Acting insane played on my psyche in a bad way. Growing to think these made up emotions were real, I would put myself in the mind set of an adolescent, riddled with troubles and force myself to believe in my fictitious symptoms. My fallacy came off as being the real me. The real me… I don’t know where the real me went.

I told her I was Depressed, which I was, but not to extent that I am now. She snapped in to action and nurse-maided me through life for most of middle-school. I hated myself for letting her take advantage of me. I put my trust in her and I was betrayed.

Years later I put my faith, my trust and all of my eggs in to another friend’s basket. He took my eggs out of the basket and stepped on them. He leaves a trail of my bloody yoke wherever he walks.

I was now seventeen.

Emily wept over the phone. The sound of her crying gave me an even bigger headache. I had never heard something so pathetic, so unfounded as her tears being spilled on my account. She asked me how long I had been cutting myself.

“Months” I said, and I dug my Mach 3 razor deeper into my skin. Her sobbing intensified.
Emily asked why I hadn’t told her earlier.
There was nothing to tell.

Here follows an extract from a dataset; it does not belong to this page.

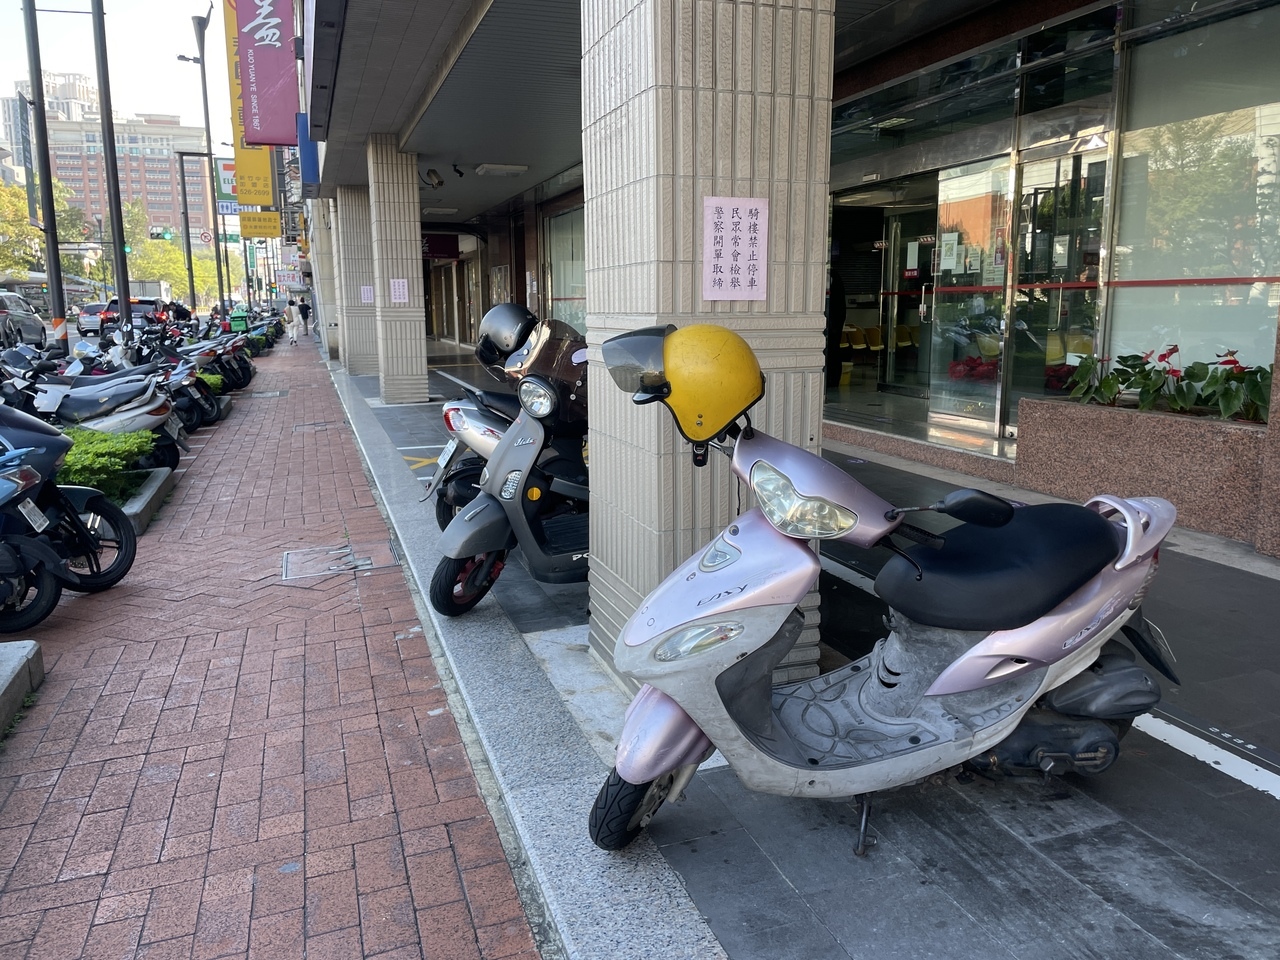 新竹市騎樓違停狀況屢見不鮮。記者張裕珍／攝影 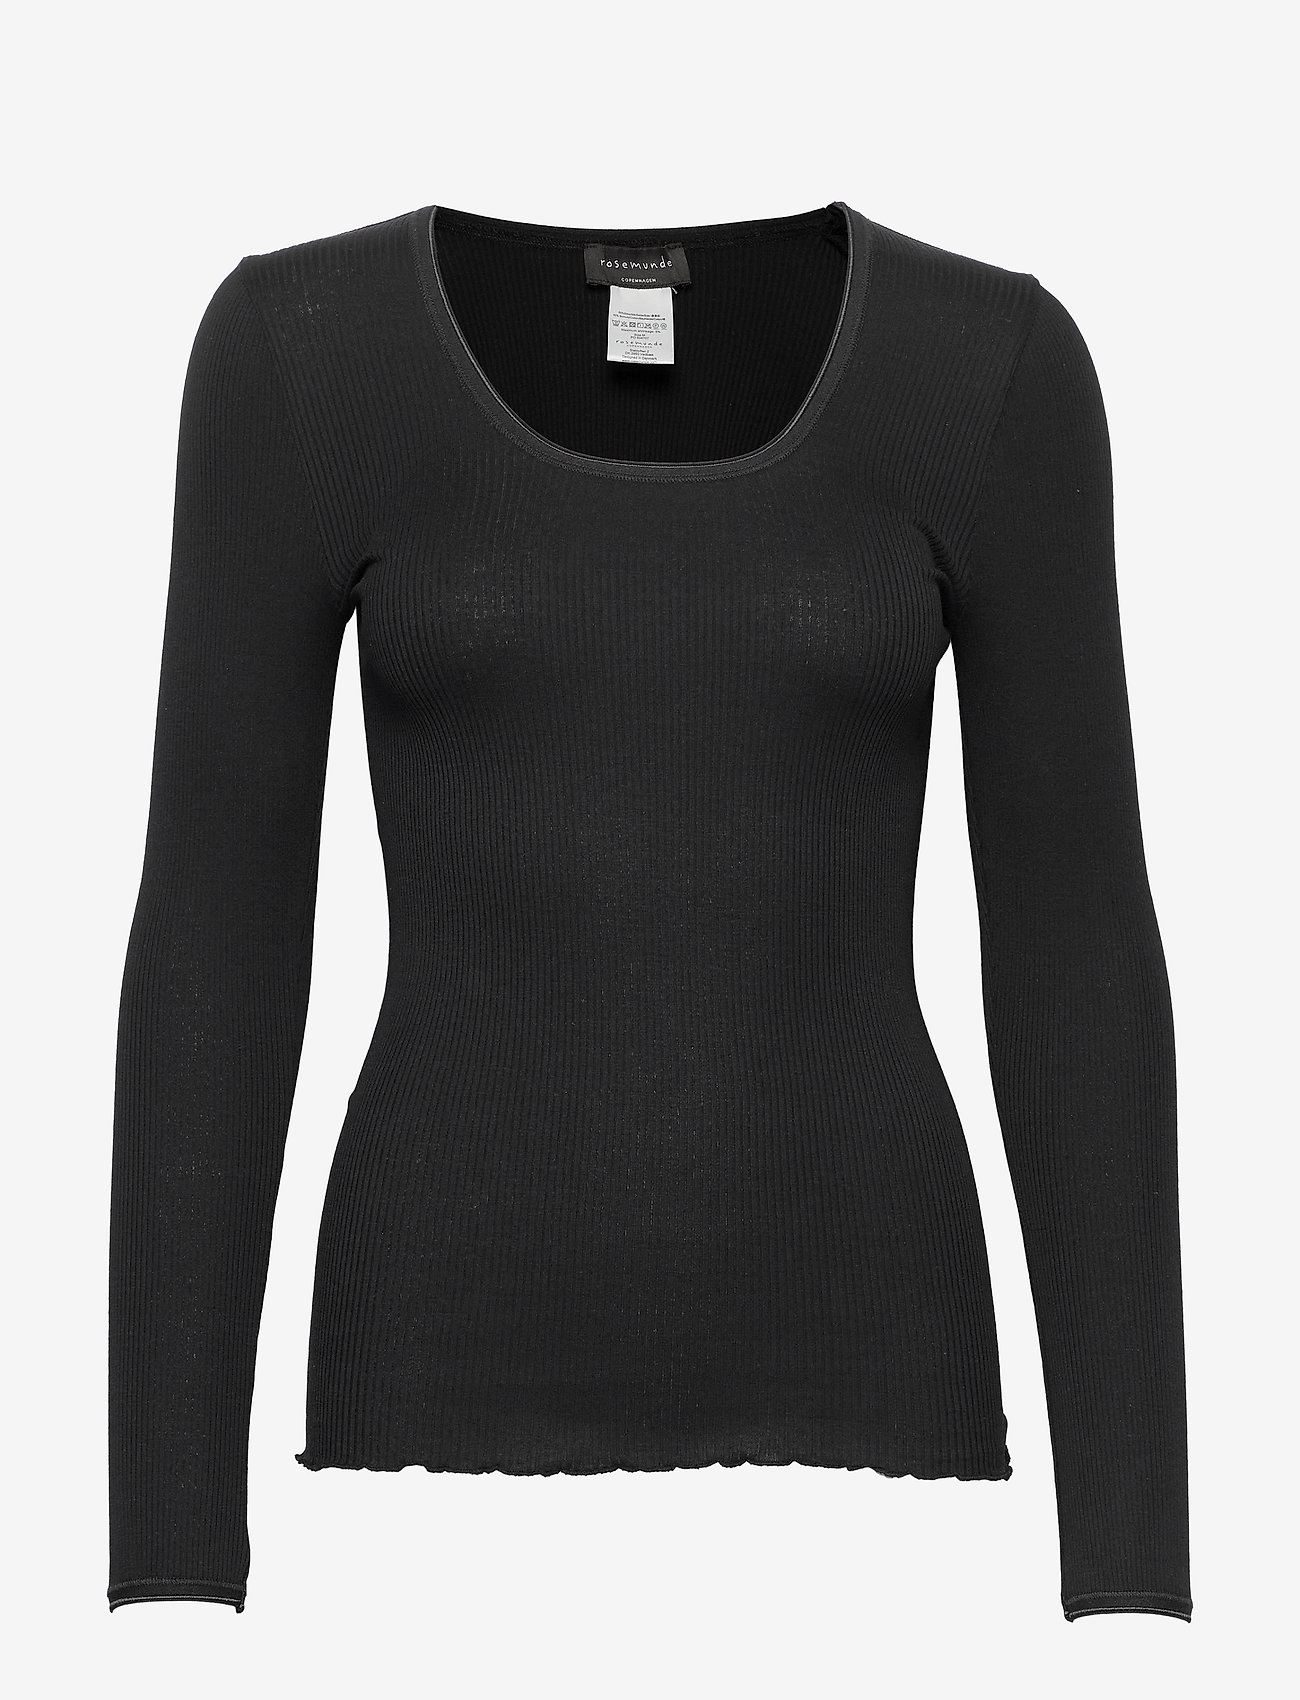 Rosemunde - Silk t-shirt - långärmade toppar - black - 0

She couldn’t take away the pain, she didn’t know how to listen.
“Emily, you’re a terrible listener; a shrewish, naïve, little girl. You wouldn’t have a clue what to do, should you find yourself locked in a room for all eternity with a tube of Vaseline and a quarter inch lead pipe.”

Getting her to climax was like getting Bin Laden out of hiding. You had to stake yourself out for a few weeks, waiting for the optimal moment of insertion. If you went in too soon or too late, you’d miss your window and you’d have to wait another few weeks, to even get near the kill zone.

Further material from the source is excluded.